Top of ENTRIES SUPPLIED

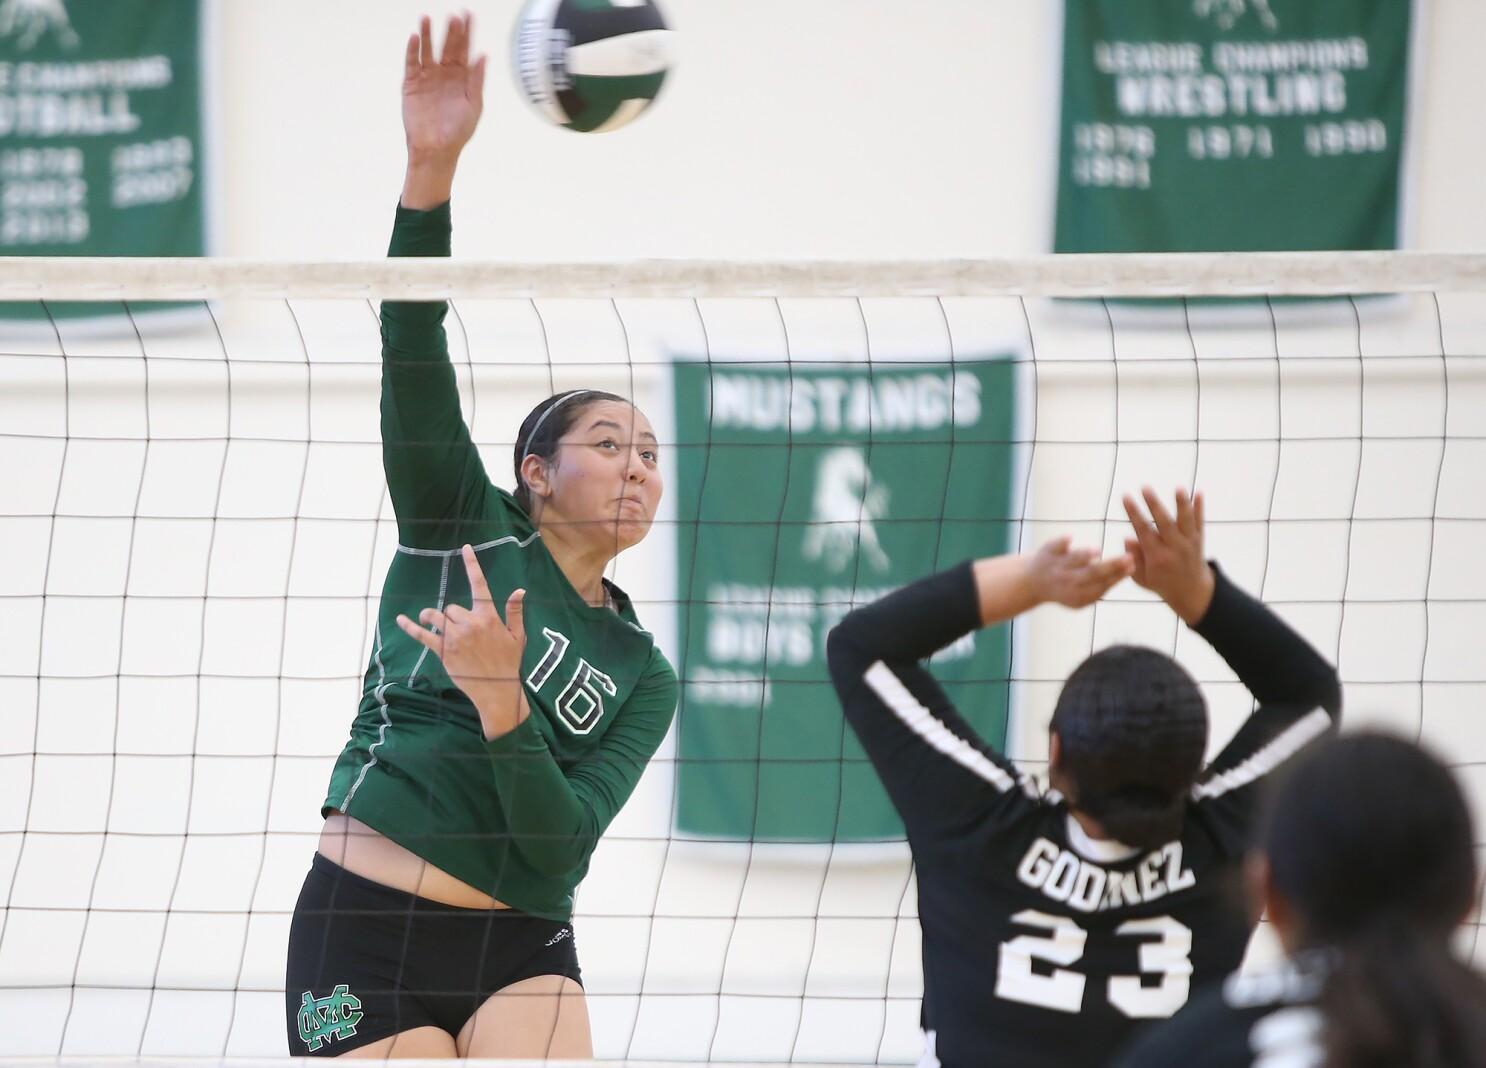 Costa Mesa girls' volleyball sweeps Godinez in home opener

Bottom of ENTRIES SUPPLIED
Top of ENTRIES SUPPLIED

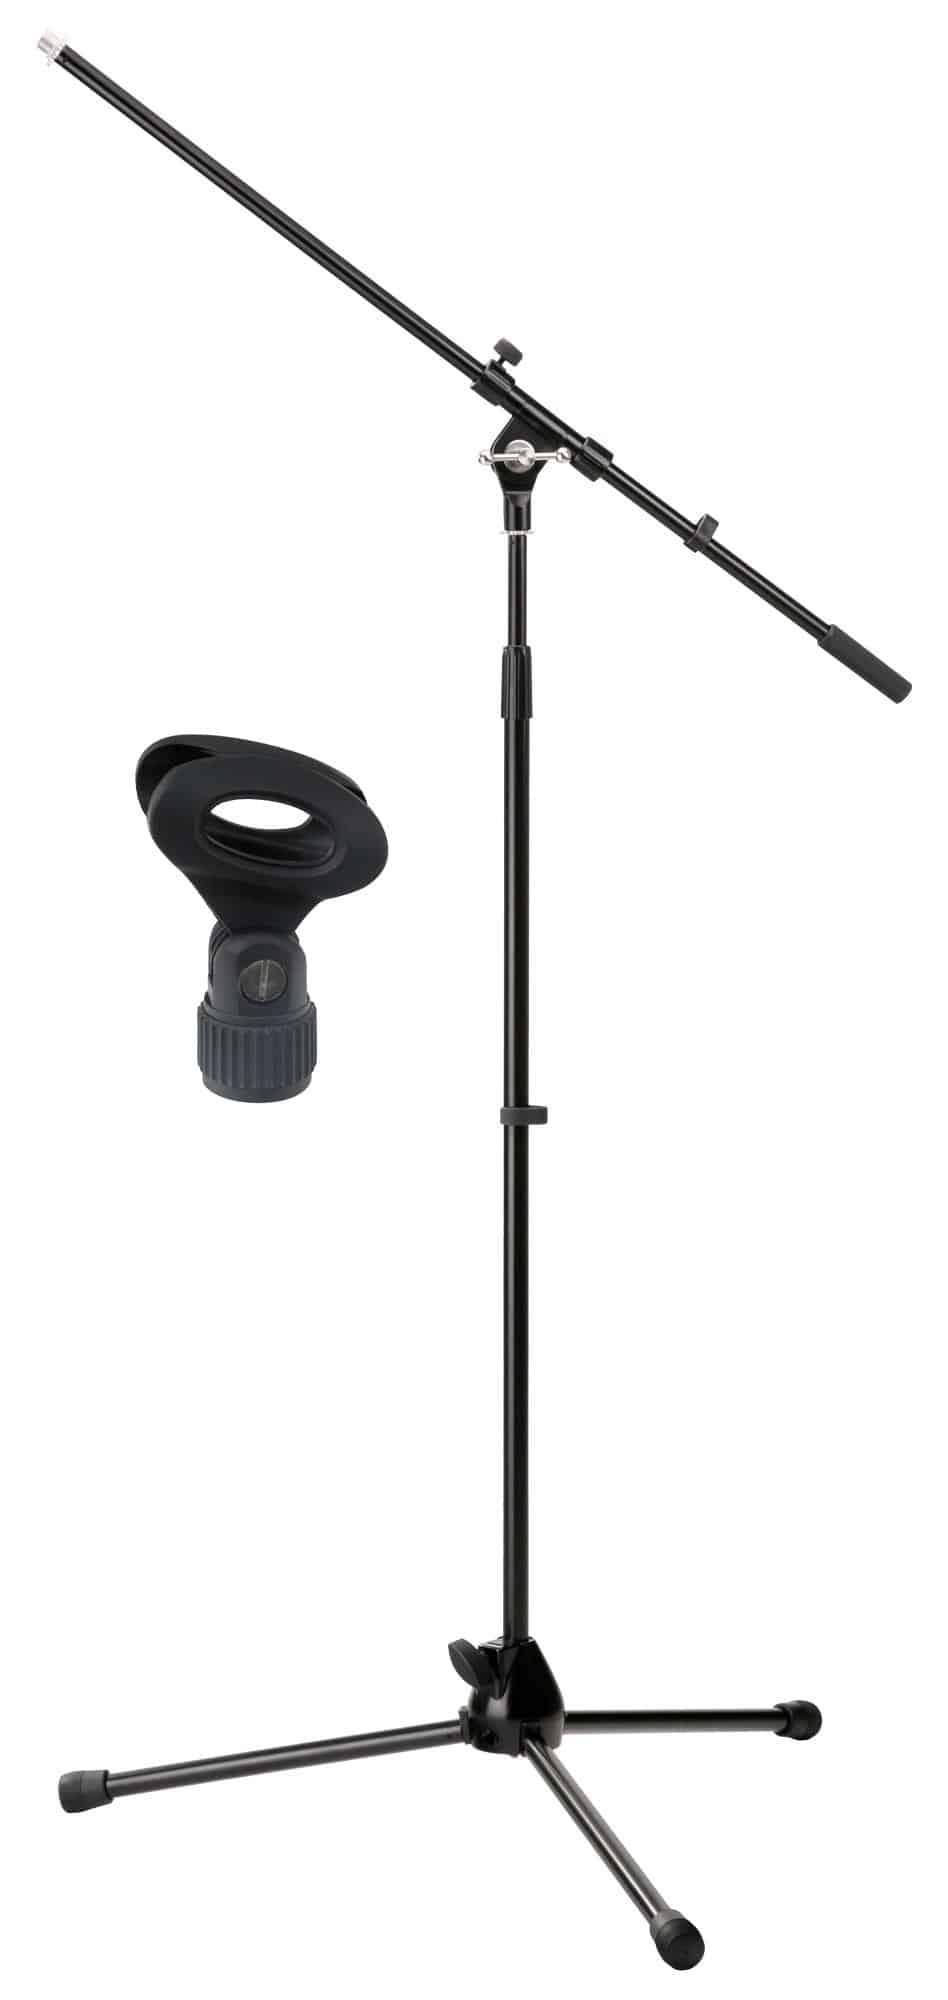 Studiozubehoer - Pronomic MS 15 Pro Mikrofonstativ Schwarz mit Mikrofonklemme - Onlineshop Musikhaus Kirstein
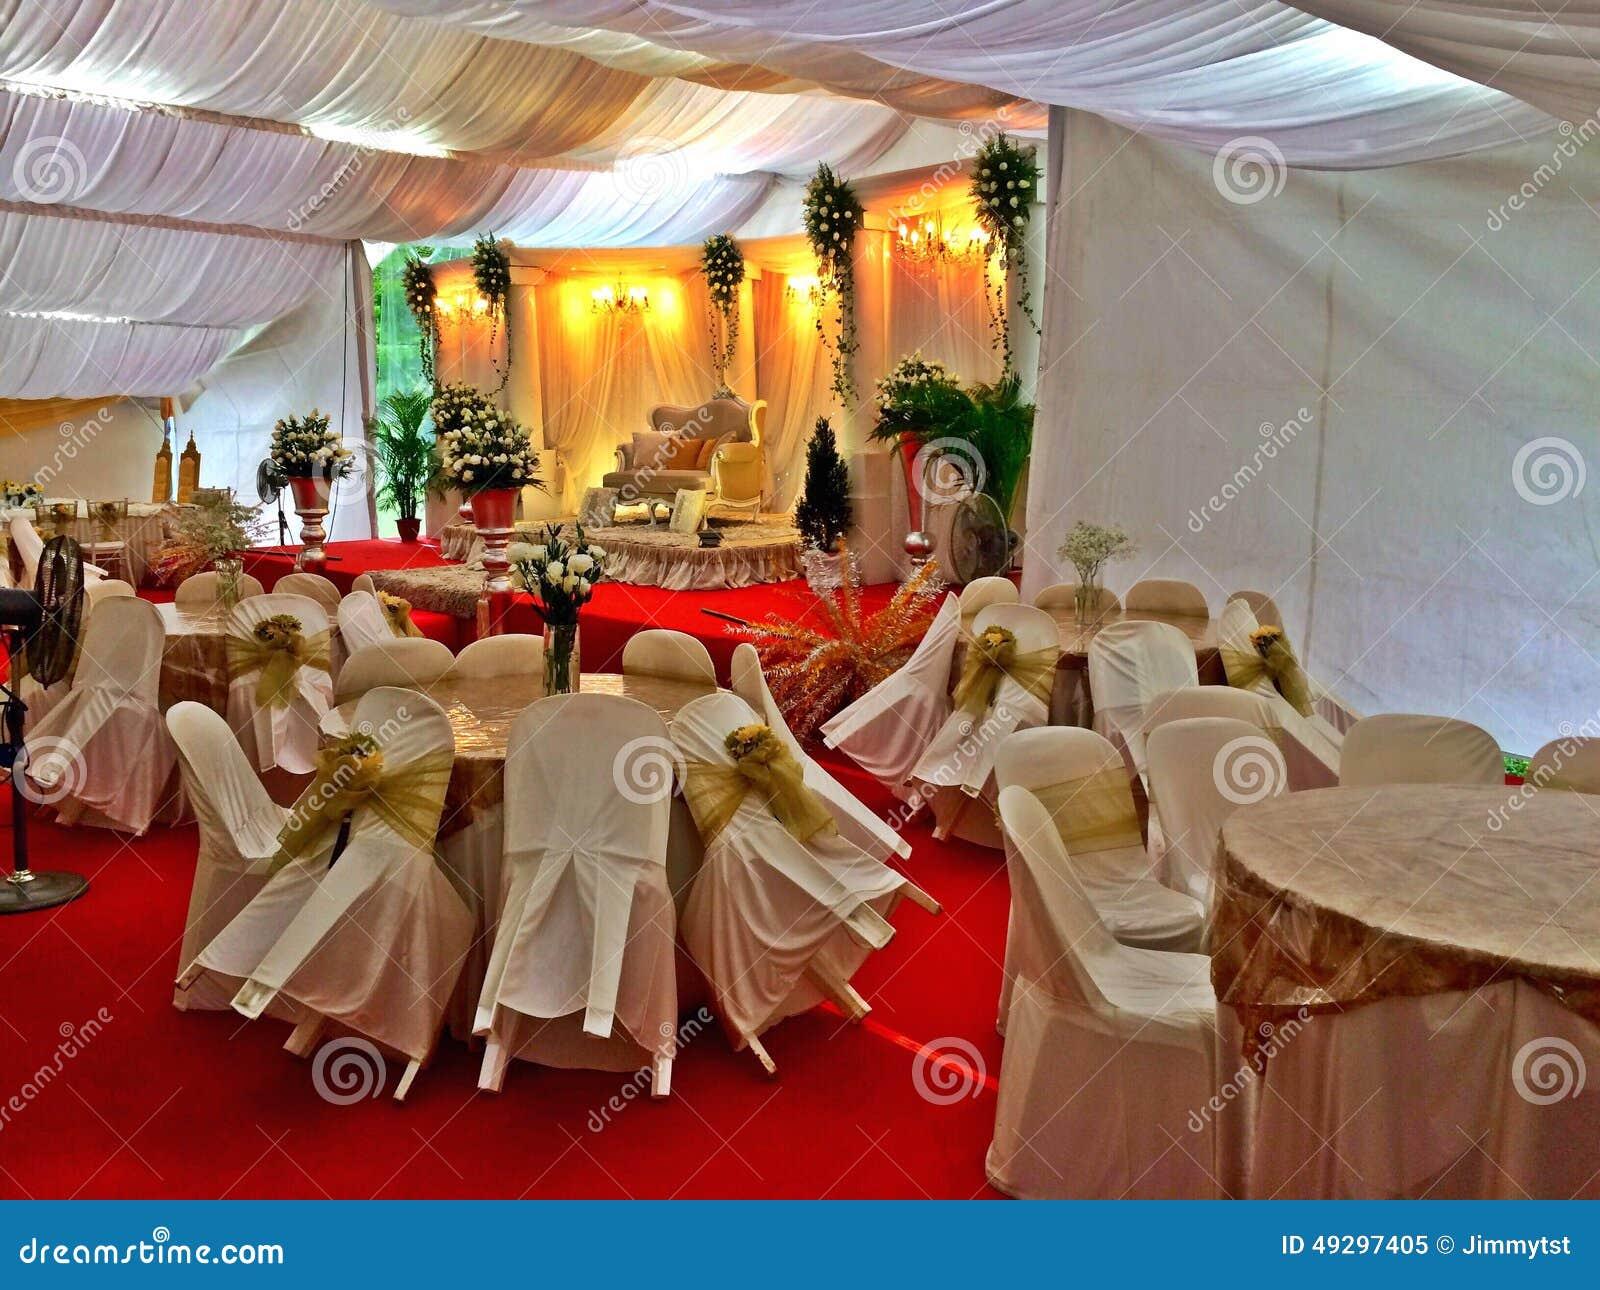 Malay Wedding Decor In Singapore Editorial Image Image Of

Bottom of ENTRIES SUPPLIED

(GOAL OF THE EXERCISE)
Above are the records; please give again, exactly and in full, only the lines that run from the line with "Studiozubehoer - Pronomic" through the line with "Malay Wedding Decor", with no pictures.

(ANSWER FOR THIS EXERCISE)
 Studiozubehoer - Pronomic MS 15 Pro Mikrofonstativ Schwarz mit Mikrofonklemme - Onlineshop Musikhaus Kirstein
 Malay Wedding Decor In Singapore Editorial Image Image Of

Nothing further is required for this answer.